Consider using the following common interview process to collect different perspectives on candidates’ qualifications, while also minimizing interviewer bias:
- Select a panel of interviewers to each conduct separate interviews. Each interviewer should bring a unique perspective to the table. Select at least three interviewers, including a potential coworker, their potential manager, and someone from a completely different department who can provide an outside perspective.
- Decide the objectives for each interviewer ahead of time. For example, the future coworker might ask questions about the candidate’s ability to perform the day-to-day job, while the interviewer from a different department might ask questions to assess how well the candidate will fit in with the company culture.
- Include questions in your interviews that focus on the candidate’s ability to work independently and figure out new and sometimes ambiguous tasks. A direct behavioral interview question can work well. For example, ‘Tell me about a time when you’ve had to get started on a difficult project with little guidance.’
- After the interview and before discussing the candidate, each interviewer should write down their impressions as well as their recommendation for ‘hire’ or ‘don’t hire.’ Writing down everyone’s impressions ahead of time will help you avoid unintentionally overlooking certain interview feedback.
- When discussing the candidate, focus on the facts. For example, instead of just ‘He’s a real go-getter’, try ‘In my interview, he gave this example of taking initiative in his previous job, which suggested to me he would be a real go-getter.’

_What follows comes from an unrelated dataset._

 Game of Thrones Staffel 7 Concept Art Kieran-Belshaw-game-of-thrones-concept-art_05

There are many effective ways to conduct interviews, but the steps above lend themselves particularly well to remote work situations where one-on-one video conference interviews work best.
Raise your hiring bar
As you complete interviews and consider candidates, keep in mind that working in a time of crisis can be more difficult and require more qualified candidates. Someone skilled enough to be hired last year may not be up to this year’s challenges.

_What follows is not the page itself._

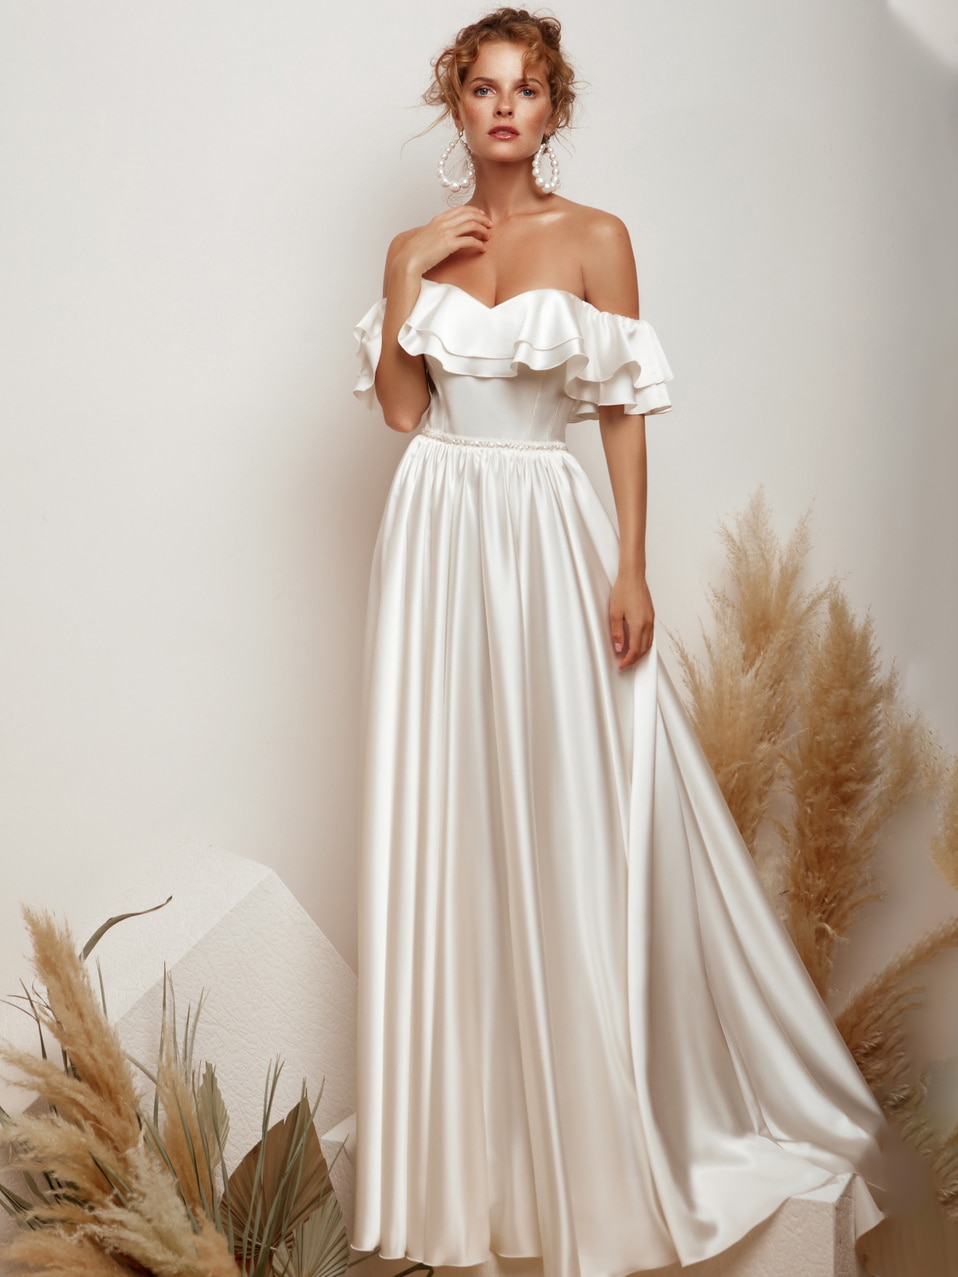 ruffled-satin-off-the-shoulder-wedding-dress-vintage-a-line-custom-made-lace-up-beads-2021-plus-size-elegant-elegant-bridal-gown

Use this crisis as an excuse to ‘raise the bar’ in your hiring. Resist the urge to hire a mediocre candidate just to fill a seat instead of hiring the right employee for the job. Better to struggle without a key hire for a few months than to fill the position quickly with someone who will struggle with the job long-term. Keep looking if you need to, and trust that the right person will come along.
Allow growth to come out of a crisis
Strong hiring skills are critical in a time of crisis, but they also have positive ramifications that last long after a new normal sets in. Being more thoughtful in your hiring today will gradually, with each new hire, strengthen your team and improve your work environment far into the future.